PinkStinks vs. J.K. Rowling

Endlich gibt es nach Kramer vs. Kramer und King Kong vs. Godzilla eine Konfrontation, die uns das Popcorn in den Fingern kalt werden lässt.

Hurra.

J.K. Rowling hat mit Harry Potter für viele Menschen eine emotionale Festung geschrieben.

„Murus nostra inexpugnabilis“, wie’s in einem alten Kirchenlied heißt: Unsere uneroberbare Mauer. Und das ändert sich ja nicht, weil jemand was twittert, und sei es der Autor(m/w/d) selbst. Kunst-vom-Künstler-Trennung.

Auch und gerade für heranwachsende Menschen, die sich in ihrem Alltag aus verschiedenen Gründen nicht gut aufgehoben fühlten.

Persönlich erinnert mich Hogwarts mit seinem Gruppendenken und seinem Druck, „dazu“ zu gehören, etwas zu sehr an meine eigene Kindheit und Jugend, als dass das diesbezüglich besonders viel Eskapismus generierte. Wäre ich in Hogwarts, wäre ich Ravenclaw geworden, aber vermutlich nicht sehr glücklich.

Für eine Gruppe von Menschen hat Rowling diese Festung gerade mit dem Hintern wieder eingerissen.

Funfact: die Redensart „Etwas mit den Händen bauen und mit dem Hintern wieder einreißen ist tatsächlich von einer Tochter von einer Cousine von mir umgesetzt worden.“ Zu ihrer Verteidigung: sie war da noch ein Baby.

Denn zum wiederholten Male hat sie sich online trans*feindlich geäußert und für viele zum TERF getwittert.

Was zum Terf? Wahrscheinlich „als“ Terf. Die treuen Leser und die treue Leserin hat das natürlich schon länger gewusst.

TERF steht für Trans*-Exclusionary Radical Feminist, also trans*-ausschließende*r radikale*r Feminist*in.

Also auf Deutsch: T*a*r*f*. Klingt sieht fast so geil aus wie B*e*e*e*d.

TERF ist eine Zuschreibung und wird von Frauen, die trans*Personen ausschließen, nicht als Selbstbezeichnung verwendet.

Aber von Männern, die Transpersonen ausschließen, schon? Die Nomenklatur ist hier nicht einmal im selben Absatz konsequent.

Sie weigern sich nicht nur, mit trans* Menschen gemeinsam politisch aktiv zu sein, sondern sie leugnen deren Identität und Existenz.

Echt? Es gibt niemanden, der die Existenz von Transsexuelle als SOLCHE anerkennt? Es gibt auch niemanden, der sich gemeinsam mit Transsexuellen z.B. für mehr Umweltschutz einsetzt? Gemeint ist wohl, dass Terfs ausschließlich die Probleme von Cis-Frauen als Cis-Frauen lösen wollen. Und die Existenz von Transfrauen insbesondere sind ein Problem für Menschen, die biologische Unterschiede der Geschlechter komplett verneinen, sondern diese auf soziale Konstruktionen zurückführen. Nun, Nationalitäten, Religionen, soziale Klassen und Sternzeichen sind konstruiert. Aber niemand leidet so sehr darunter, im falschen Sternzeichen oder in der falschen Klasse geboren zu sein, dass soe deshalb Selbstmordgefährdet wird. Jetzt wären Transmänner feministischerweise so zu erklären, dass sich jemand in die bessergestellte Gruppe bewegen will, aber Transfrauen beweisen, dass entweder Geschlechter nicht nur sozial konstruiert sind – denn wieso würde sich jemand wegen seiner oder auch ihrer Konstruktion umbringen wollen? – oder, dass es Vorteile für Frauen gibt, die manchen attraktiver erscheinen als die von Männern. Blasphemie! Sakrileg! Steinigt sie!!!

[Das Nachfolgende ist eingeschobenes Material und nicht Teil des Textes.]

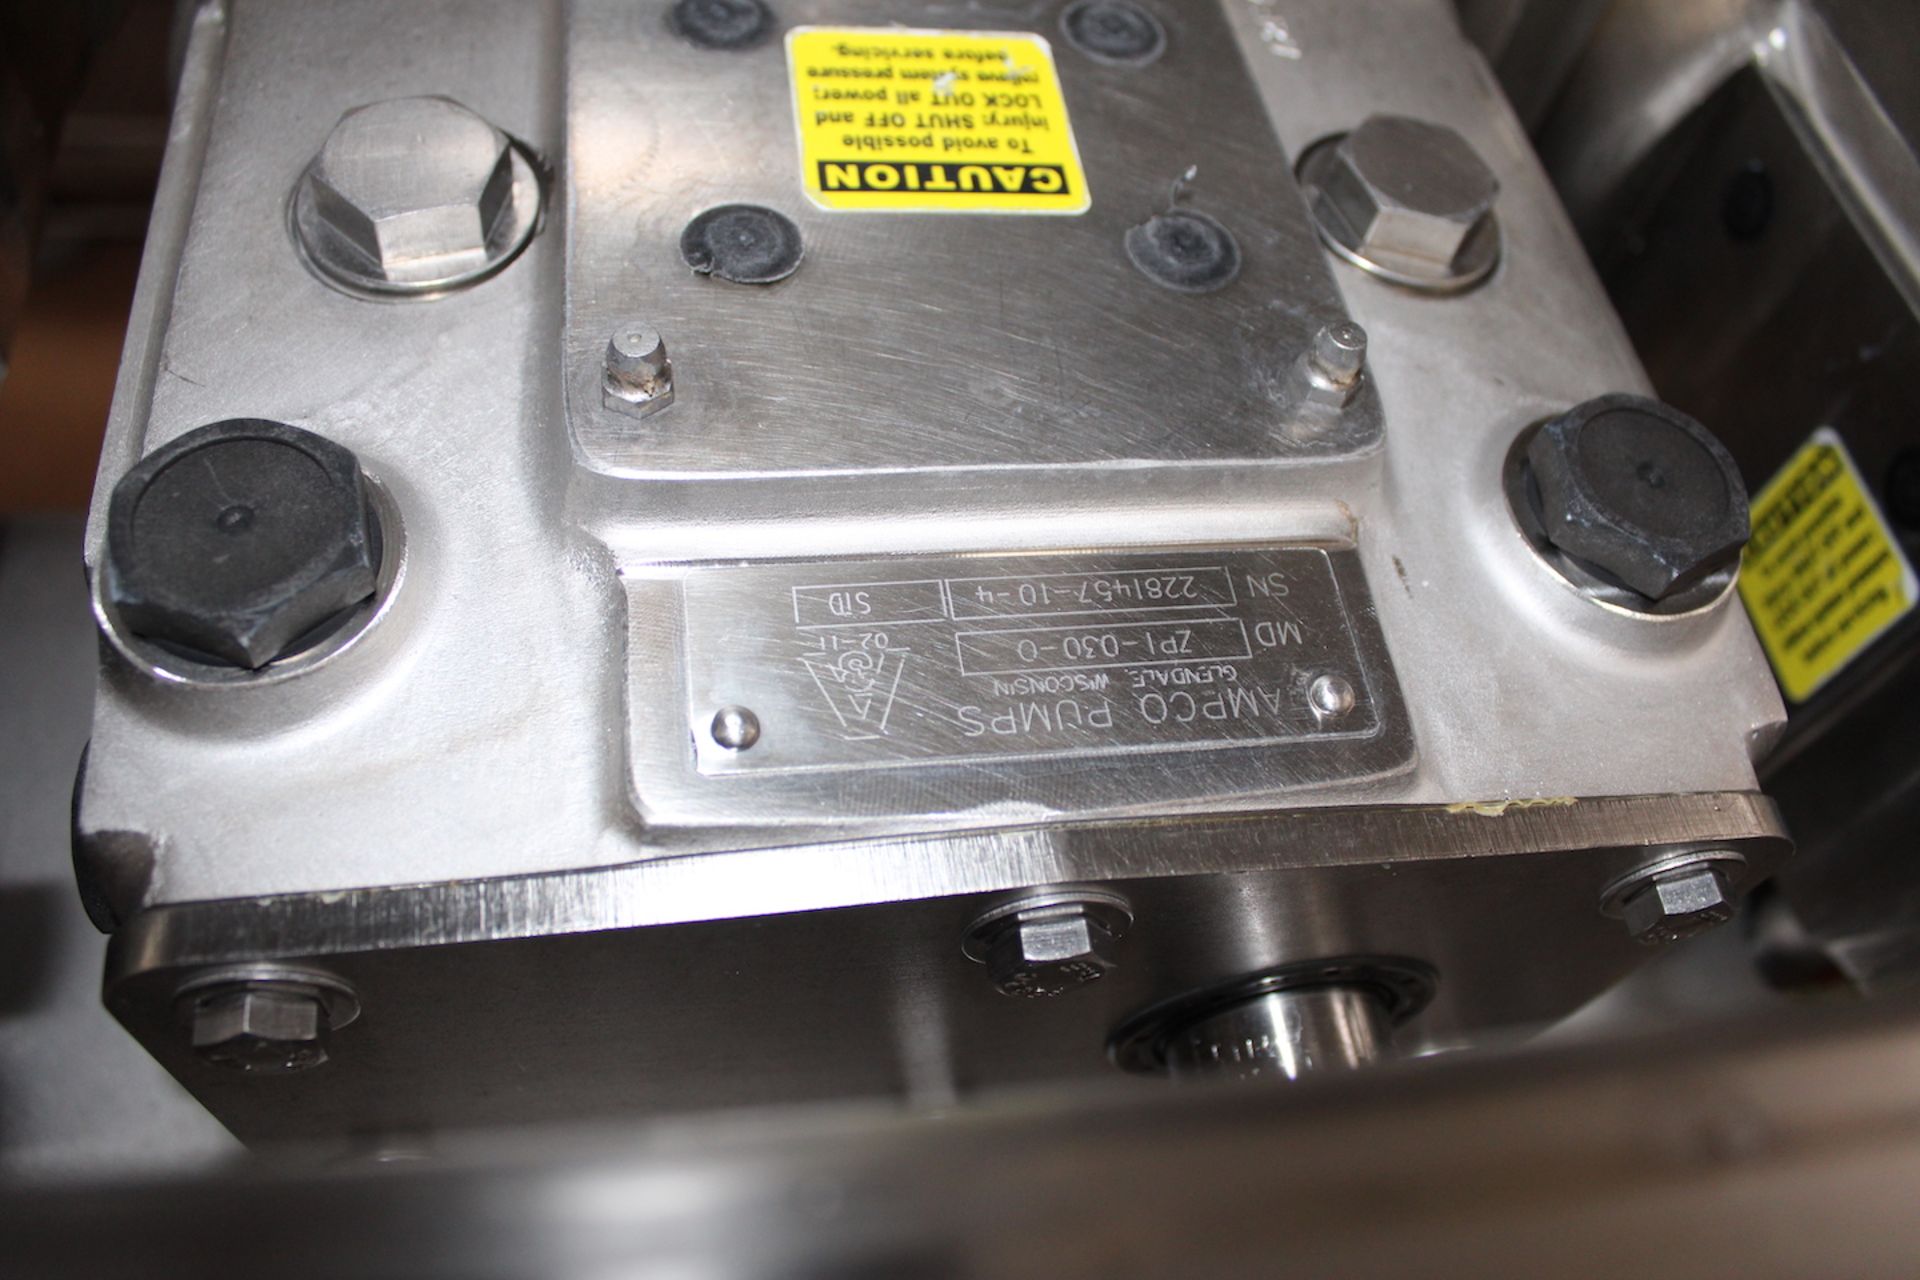 HINDS-BOCK 4-HEAD DEPOSITOR / FILLER, MODEL 4P-039, S/N 5698, WITH (4) AMPCO AND WCB POSITIVE - Image 9 of 13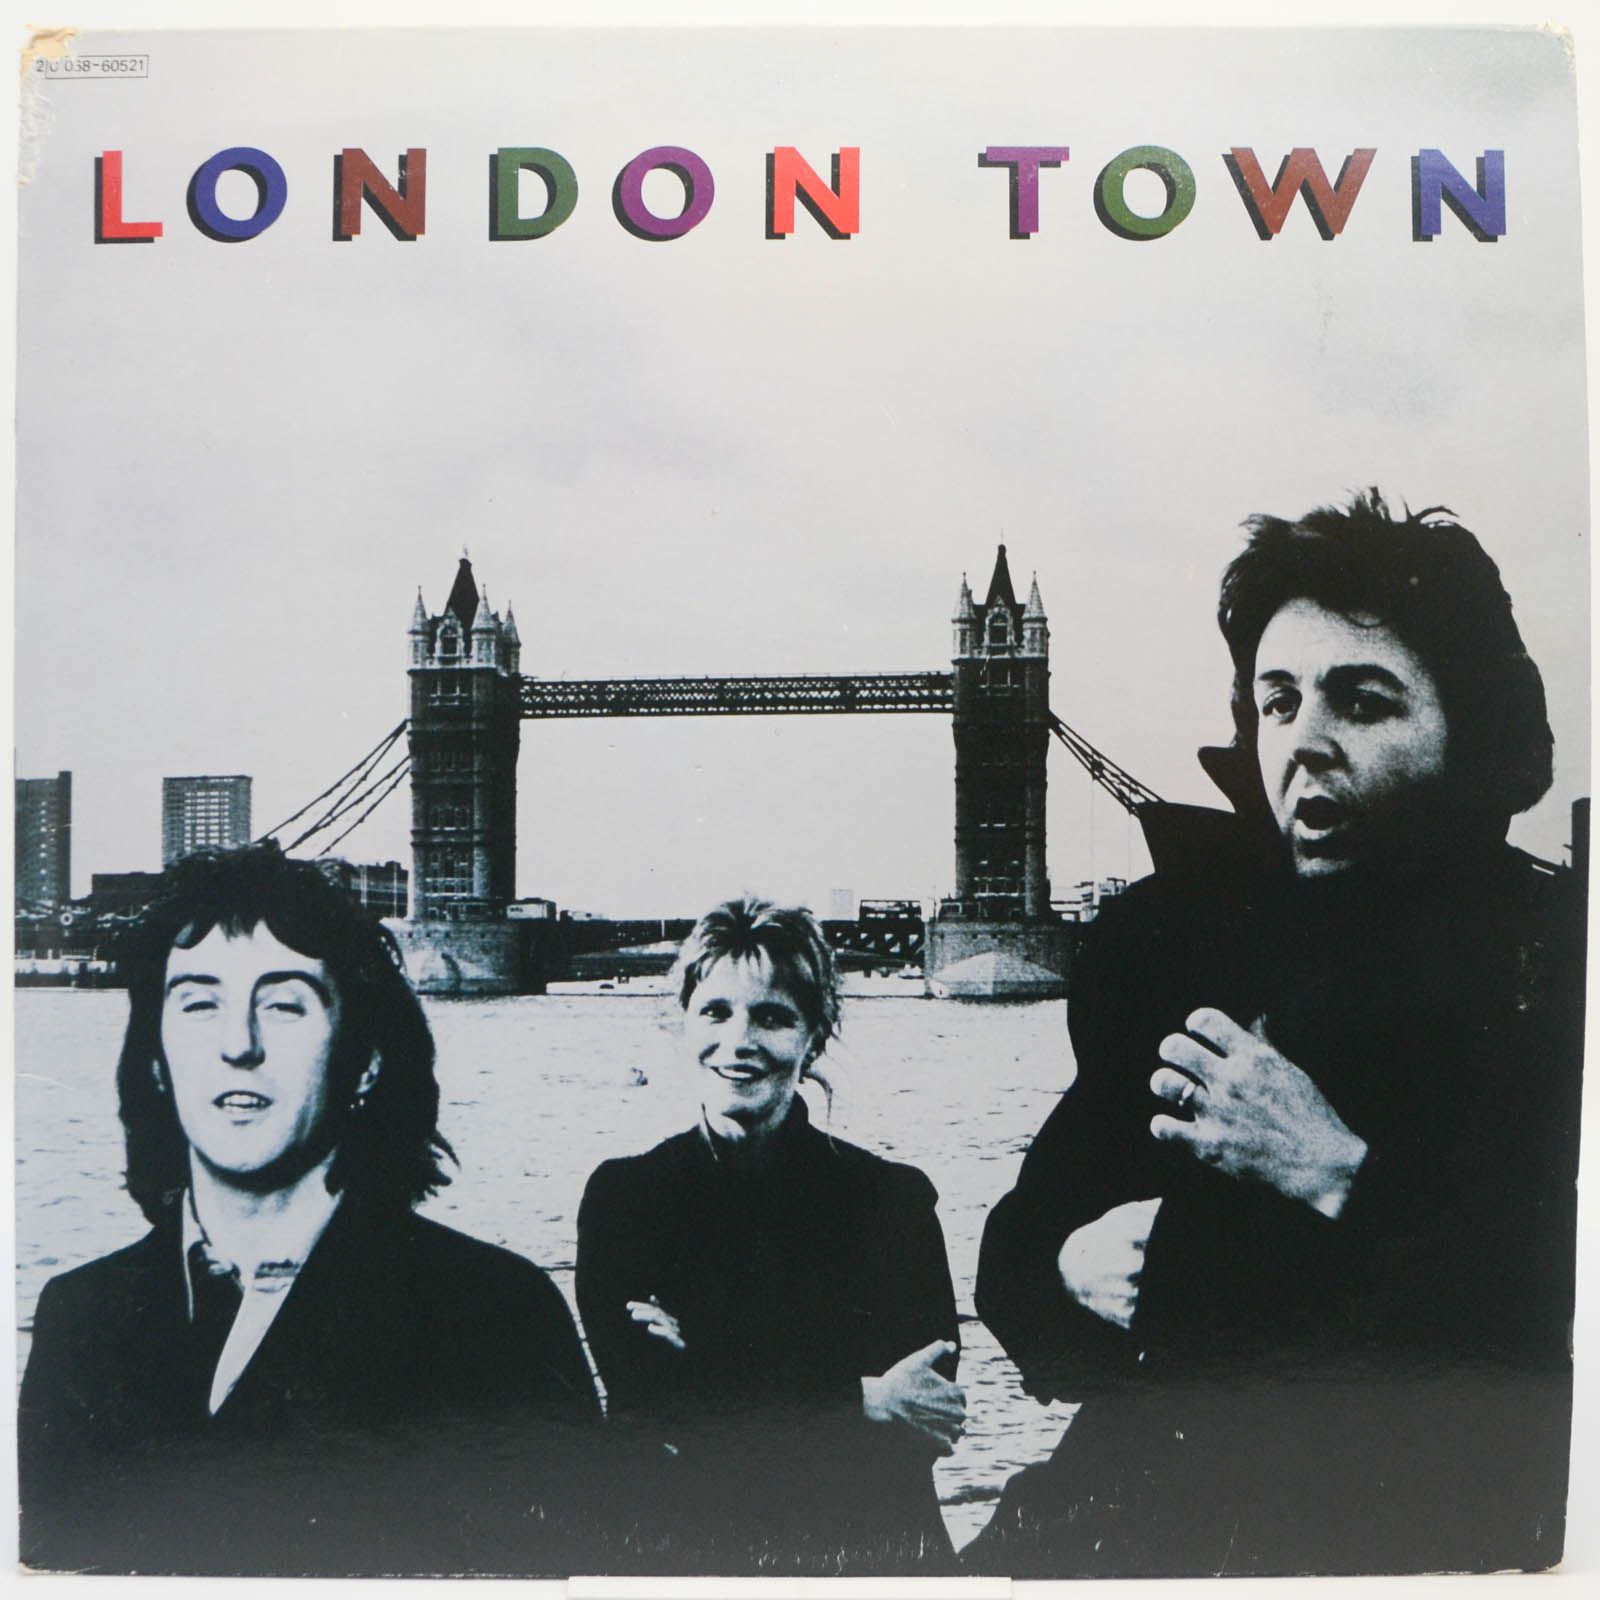 Wings — London Town (poster), 1978

Denn sie vertreten die Position, dass es nur zwei Geschlechter gibt – das männliche und das weibliche, und damit ist grundsätzlich das biologische gemeint.

Nun, da es auch Intersexuelle gibt, ist auch das nicht ganz so. Aber ja, es gibt verschiedene Definitionen von „weiblich“ und „männlich“. Da aber bei 99% aller Menschen unterschiedliche Definitionen dieselbe Zuschreibung auslösen, ist das kein ganz so großes Problem. Weiterhin, die allermeisten Transpersonen möchten so leben, so wahrgenommen werden und so behandelt werden wie die jeweiligen Cispersonen, und das wird durch ein Tweet jetzt erstmal nicht verhindert.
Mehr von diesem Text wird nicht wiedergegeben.